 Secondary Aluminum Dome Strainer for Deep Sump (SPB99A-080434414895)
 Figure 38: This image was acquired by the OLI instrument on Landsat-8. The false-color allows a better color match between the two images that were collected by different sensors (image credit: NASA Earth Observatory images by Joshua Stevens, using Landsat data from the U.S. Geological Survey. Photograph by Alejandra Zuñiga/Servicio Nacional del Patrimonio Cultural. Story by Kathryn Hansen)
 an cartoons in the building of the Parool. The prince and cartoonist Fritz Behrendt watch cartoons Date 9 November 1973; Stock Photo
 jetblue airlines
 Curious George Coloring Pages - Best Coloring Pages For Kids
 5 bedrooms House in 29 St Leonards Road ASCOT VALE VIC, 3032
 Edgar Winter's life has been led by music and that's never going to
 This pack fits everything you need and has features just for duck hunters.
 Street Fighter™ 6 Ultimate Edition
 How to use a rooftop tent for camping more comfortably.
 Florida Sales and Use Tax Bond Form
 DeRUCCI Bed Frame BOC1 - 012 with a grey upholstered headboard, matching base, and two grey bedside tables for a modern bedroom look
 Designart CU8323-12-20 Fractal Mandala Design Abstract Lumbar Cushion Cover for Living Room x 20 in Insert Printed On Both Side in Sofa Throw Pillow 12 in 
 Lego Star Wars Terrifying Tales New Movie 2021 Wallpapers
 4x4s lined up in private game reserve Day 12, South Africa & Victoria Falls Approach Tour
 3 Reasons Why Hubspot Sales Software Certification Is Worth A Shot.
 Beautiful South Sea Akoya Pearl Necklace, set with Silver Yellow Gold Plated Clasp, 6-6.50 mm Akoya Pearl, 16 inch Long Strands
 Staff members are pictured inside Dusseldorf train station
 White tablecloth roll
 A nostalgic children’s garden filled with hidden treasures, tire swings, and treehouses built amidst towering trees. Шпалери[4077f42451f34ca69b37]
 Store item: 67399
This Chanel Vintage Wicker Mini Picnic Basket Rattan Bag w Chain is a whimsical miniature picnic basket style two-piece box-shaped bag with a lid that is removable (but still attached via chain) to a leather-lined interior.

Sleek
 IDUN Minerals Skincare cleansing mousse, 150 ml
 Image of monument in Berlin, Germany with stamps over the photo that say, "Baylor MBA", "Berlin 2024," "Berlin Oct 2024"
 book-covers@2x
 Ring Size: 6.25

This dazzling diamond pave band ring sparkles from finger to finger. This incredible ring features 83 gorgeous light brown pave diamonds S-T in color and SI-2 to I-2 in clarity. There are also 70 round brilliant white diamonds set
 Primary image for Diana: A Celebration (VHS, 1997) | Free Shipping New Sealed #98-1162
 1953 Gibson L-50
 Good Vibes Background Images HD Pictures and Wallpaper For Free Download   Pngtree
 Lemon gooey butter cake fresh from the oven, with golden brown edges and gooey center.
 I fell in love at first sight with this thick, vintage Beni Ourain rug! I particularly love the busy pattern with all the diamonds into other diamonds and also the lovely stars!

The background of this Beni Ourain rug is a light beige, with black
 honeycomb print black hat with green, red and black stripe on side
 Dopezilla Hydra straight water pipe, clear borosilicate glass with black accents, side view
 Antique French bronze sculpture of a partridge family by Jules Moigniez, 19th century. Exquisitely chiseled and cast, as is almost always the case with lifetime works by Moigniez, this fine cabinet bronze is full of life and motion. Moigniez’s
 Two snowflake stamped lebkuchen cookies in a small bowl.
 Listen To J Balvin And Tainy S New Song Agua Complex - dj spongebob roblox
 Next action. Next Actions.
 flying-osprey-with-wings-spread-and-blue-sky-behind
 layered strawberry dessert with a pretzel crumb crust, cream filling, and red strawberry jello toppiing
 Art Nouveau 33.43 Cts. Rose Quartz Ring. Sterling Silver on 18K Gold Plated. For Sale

* What is expected
An exact, complete copy of the lines above from the one with "DeRUCCI Bed Frame" through the one with "This dazzling diamond" is the whole answer.

* Written solution
 DeRUCCI Bed Frame BOC1 - 012 with a grey upholstered headboard, matching base, and two grey bedside tables for a modern bedroom look
 Designart CU8323-12-20 Fractal Mandala Design Abstract Lumbar Cushion Cover for Living Room x 20 in Insert Printed On Both Side in Sofa Throw Pillow 12 in 
 Lego Star Wars Terrifying Tales New Movie 2021 Wallpapers
 4x4s lined up in private game reserve Day 12, South Africa & Victoria Falls Approach Tour
 3 Reasons Why Hubspot Sales Software Certification Is Worth A Shot.
 Beautiful South Sea Akoya Pearl Necklace, set with Silver Yellow Gold Plated Clasp, 6-6.50 mm Akoya Pearl, 16 inch Long Strands
 Staff members are pictured inside Dusseldorf train station
 White tablecloth roll
 A nostalgic children’s garden filled with hidden treasures, tire swings, and treehouses built amidst towering trees. Шпалери[4077f42451f34ca69b37]
 Store item: 67399
This Chanel Vintage Wicker Mini Picnic Basket Rattan Bag w Chain is a whimsical miniature picnic basket style two-piece box-shaped bag with a lid that is removable (but still attached via chain) to a leather-lined interior.

Sleek
 IDUN Minerals Skincare cleansing mousse, 150 ml
 Image of monument in Berlin, Germany with stamps over the photo that say, "Baylor MBA", "Berlin 2024," "Berlin Oct 2024"
 book-covers@2x
 Ring Size: 6.25

This dazzling diamond pave band ring sparkles from finger to finger. This incredible ring features 83 gorgeous light brown pave diamonds S-T in color and SI-2 to I-2 in clarity. There are also 70 round brilliant white diamonds set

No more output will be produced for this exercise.